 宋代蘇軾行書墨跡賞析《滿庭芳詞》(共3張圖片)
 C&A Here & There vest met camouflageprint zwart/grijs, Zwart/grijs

────────────────────

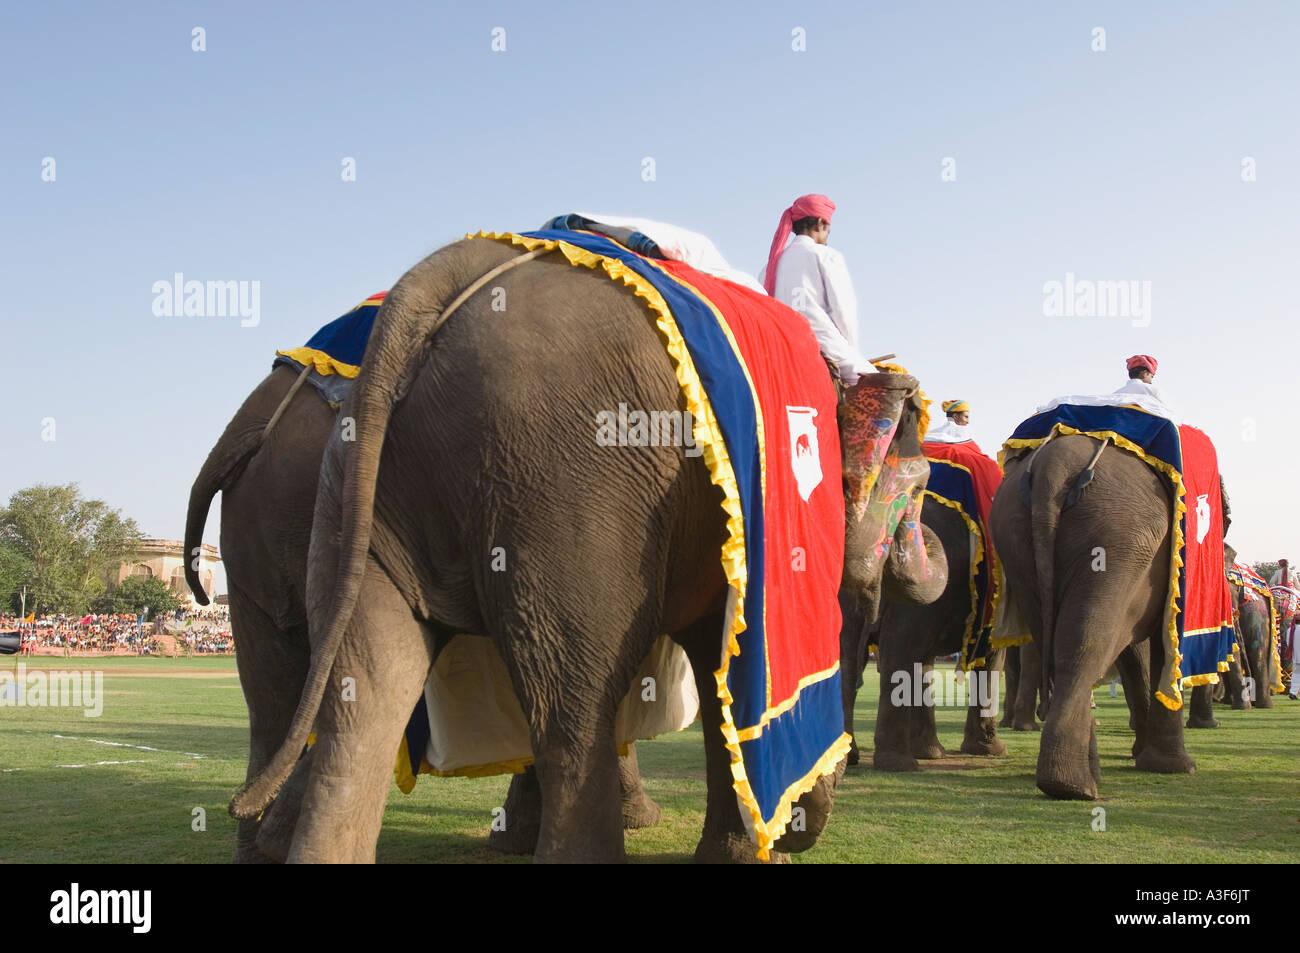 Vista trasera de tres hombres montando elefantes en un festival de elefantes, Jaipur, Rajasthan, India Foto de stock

────────────────────

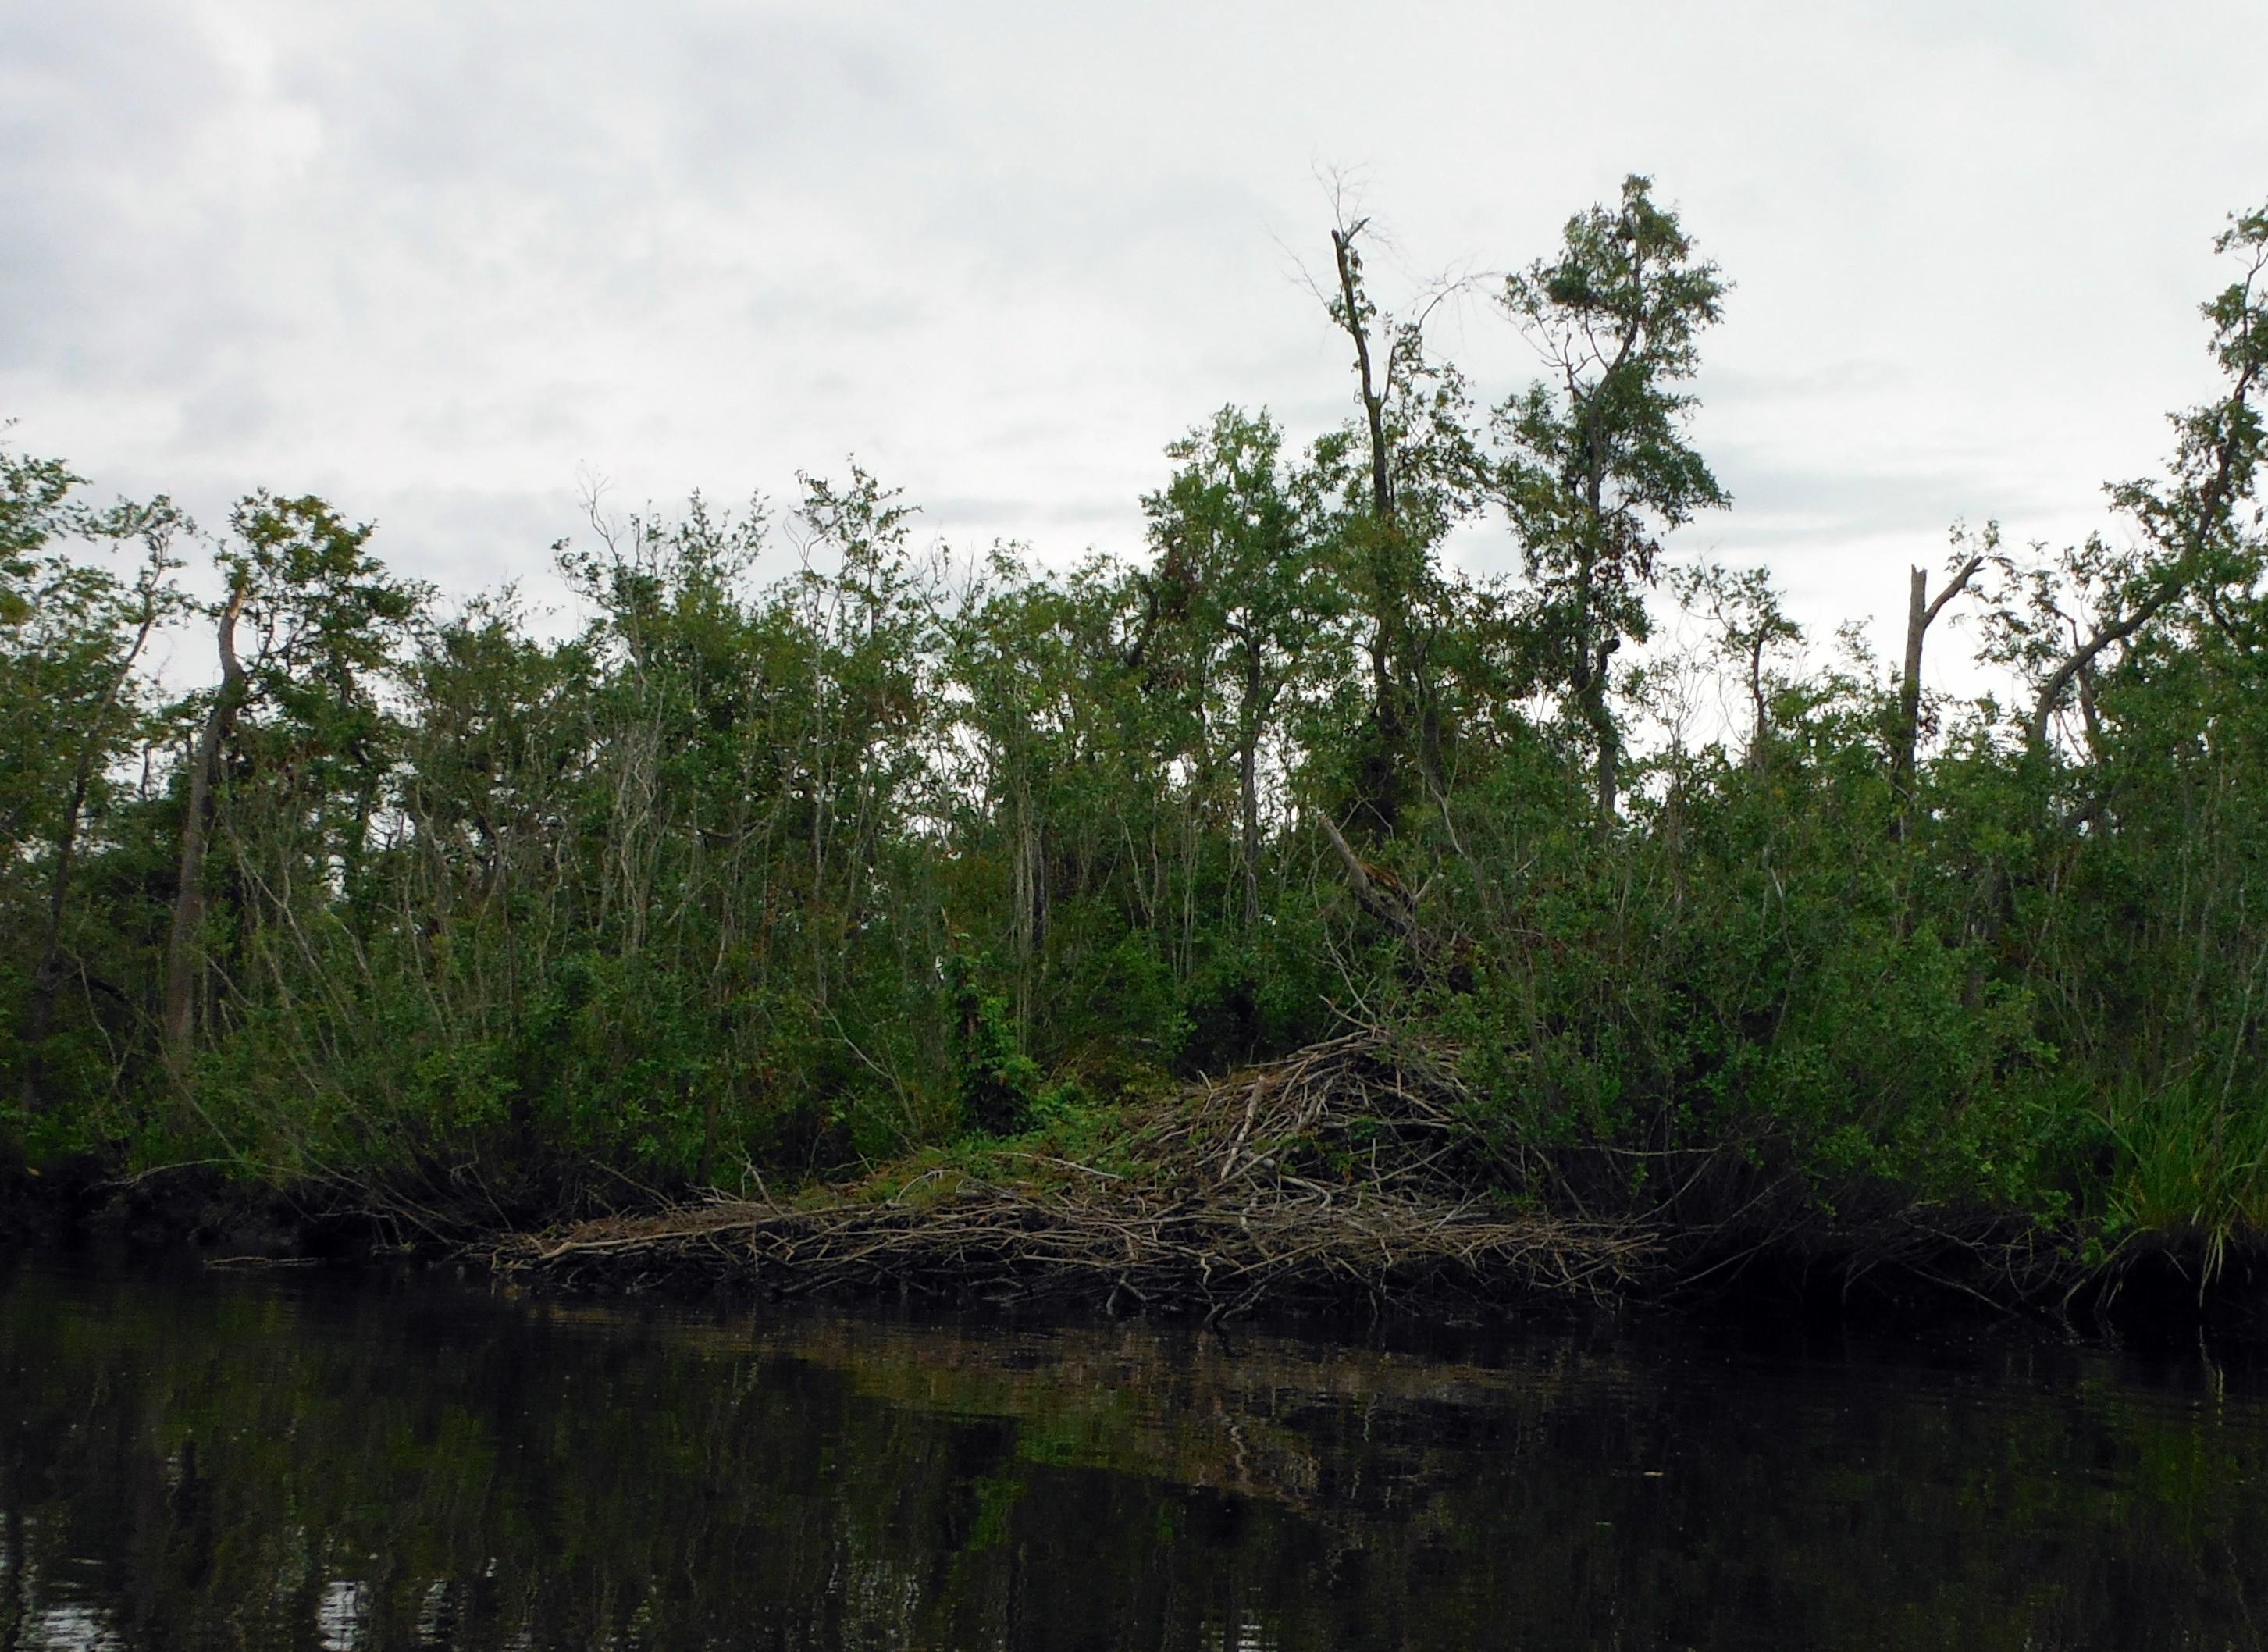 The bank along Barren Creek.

────────────────────

* PROBLEM TO SOLVE *
Copy the entries above exactly, but only from the line holding "宋代蘇軾行書墨跡賞析《滿庭芳詞》(共3張圖片)" through the line holding "C&A Here & There", both included.

* EXPECTED OUTPUT *
 宋代蘇軾行書墨跡賞析《滿庭芳詞》(共3張圖片)
 C&A Here & There vest met camouflageprint zwart/grijs, Zwart/grijs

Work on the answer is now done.